At the office of one of my clients, two girls had the opportunity to sell the famous Girl Scout Cookies®. One posted an order form by the coffee machine in the break room and hoped people would read the form, sign it, and buy the cookies. The other girl, dressed in her Girl Scout uniform, went office to office and spoke individually to all the employees.
The passive seller sold four boxes of cookies. The active seller sold 250 boxes. It’s not about the cookies. It’s about the process. And it’s all about creating trust.
When others trust you, they want to continue to do business with you and buy from you - whether you’re selling a product, service, or community initiative.

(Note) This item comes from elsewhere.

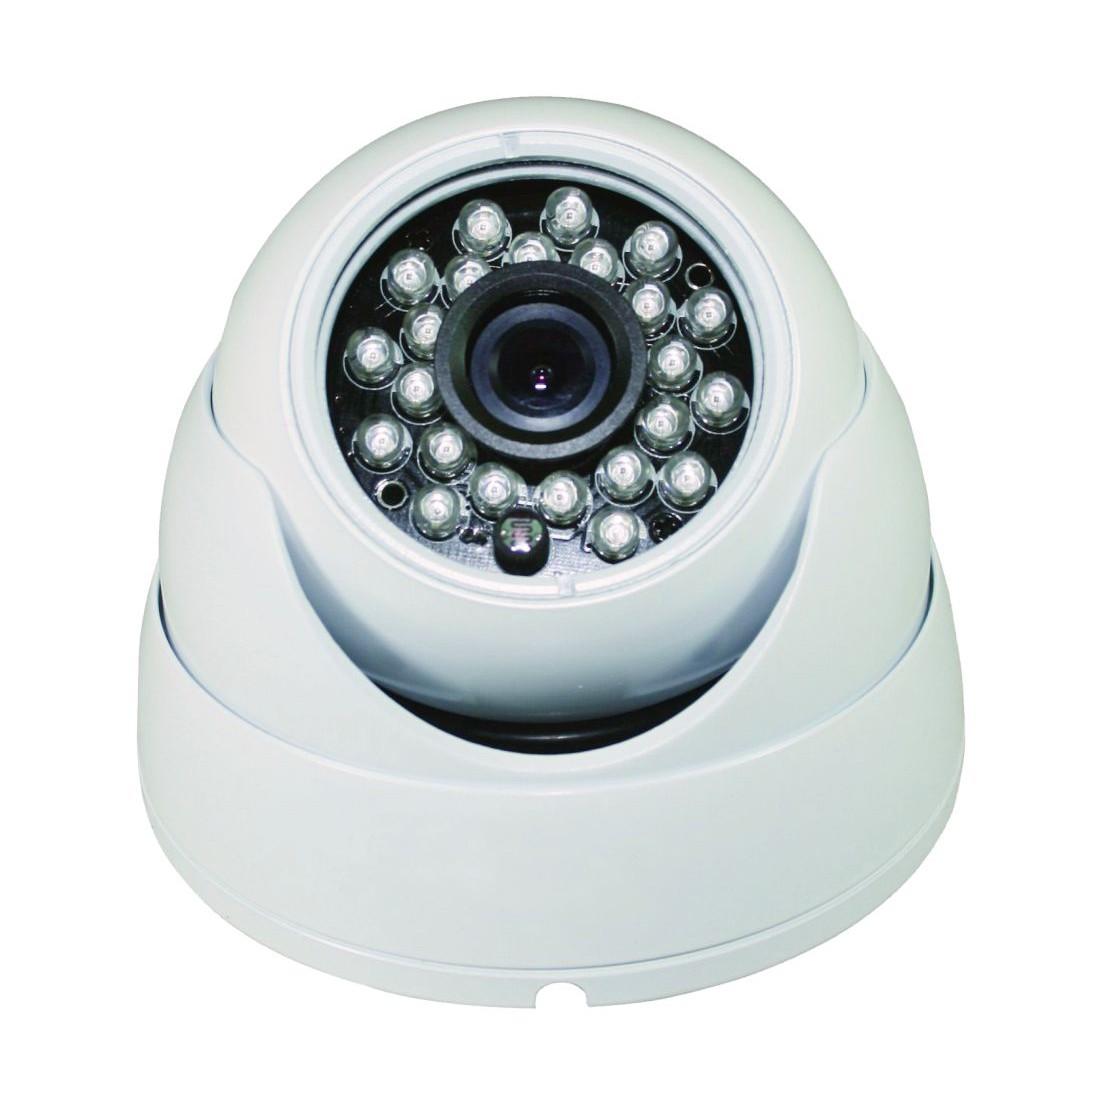 Купольная антивандальная камера Satvision SVC-D292 v3.0 2Мр 2.8мм UTC

So begins my second book, “The Naked Truth about Selling.” This book, like its companion publication, “The Naked Truth about Giving Great Speeches,” does not expose you to a tome of facts and theories. Rather, you try on new ways to establish trust and build vital relationships. In this book, I have stripped your learning curve down to useable strategies guaranteed to help you speak for yourself. Enjoy this excerpt.
Chapter One: Stripping Away Self-Sabotaging Behavior
In a magazine cartoon from The New Yorker, four people waited for their luggage at an airport baggage claim area. Over a caption that read, “Here’s the baggage you’ll never lose,” they grabbed their respective suitcases with these labels attached: “Never forgave my mother for discontinuing ballet classes in second grade,” “Hate my child for being just like me,” “Jealous of my brother for being more successful,” and “I grew up poor so I can never feel financially secure.” Each bag was labeled with injuries, injustices, and grudges that they’re all - we’re all - carrying around wherever we go.
As difficult as it may be to examine your baggage, you will be more effective as a communicator by understanding what is in your bags, and how your “stuff” influences the way you present yourself.
When I was in high school, a popular boys’ group selected me as their Sweetheart for one year. As a seventh-grade social outcast transposed into an 11th-grade Sweetheart, I loved every minute of my term. Then, I moved on.
Mary, one of the five Sweetheart nominees, never seemed to regroup. Twenty-five years after my reign as Sweetheart, she introduced me to her child by saying, “Annie, this is Mrs. Reisman - the one who beat Mommy as Sweetheart.” Mary’s husband once told me, “Karen, Mary adores you, but she’ll like you even more after you’re dead.” They both insisted they were joking. What do you think? Is Mary carrying around this bag that reads, “I’m not a winner”? Does this thought affect her actions and behavior now? The truest things are often said in jest.
I kept thinking, “Poor Mary,” until I realized that all of us have baggage. Whatever roles we take on create labels. She caused me to examine my own luggage, and I discovered the “high school valedictorian” hanging bag.
I wanted to be my high school valedictorian. I graduated first in my class but did not get this honor. Later, I discovered the culprit - a “B” I received in home economics as a result of lumpy, peaked, blueberry muffins that leaned to the left! This bag called “Trying to be perfect” still follows me around at times.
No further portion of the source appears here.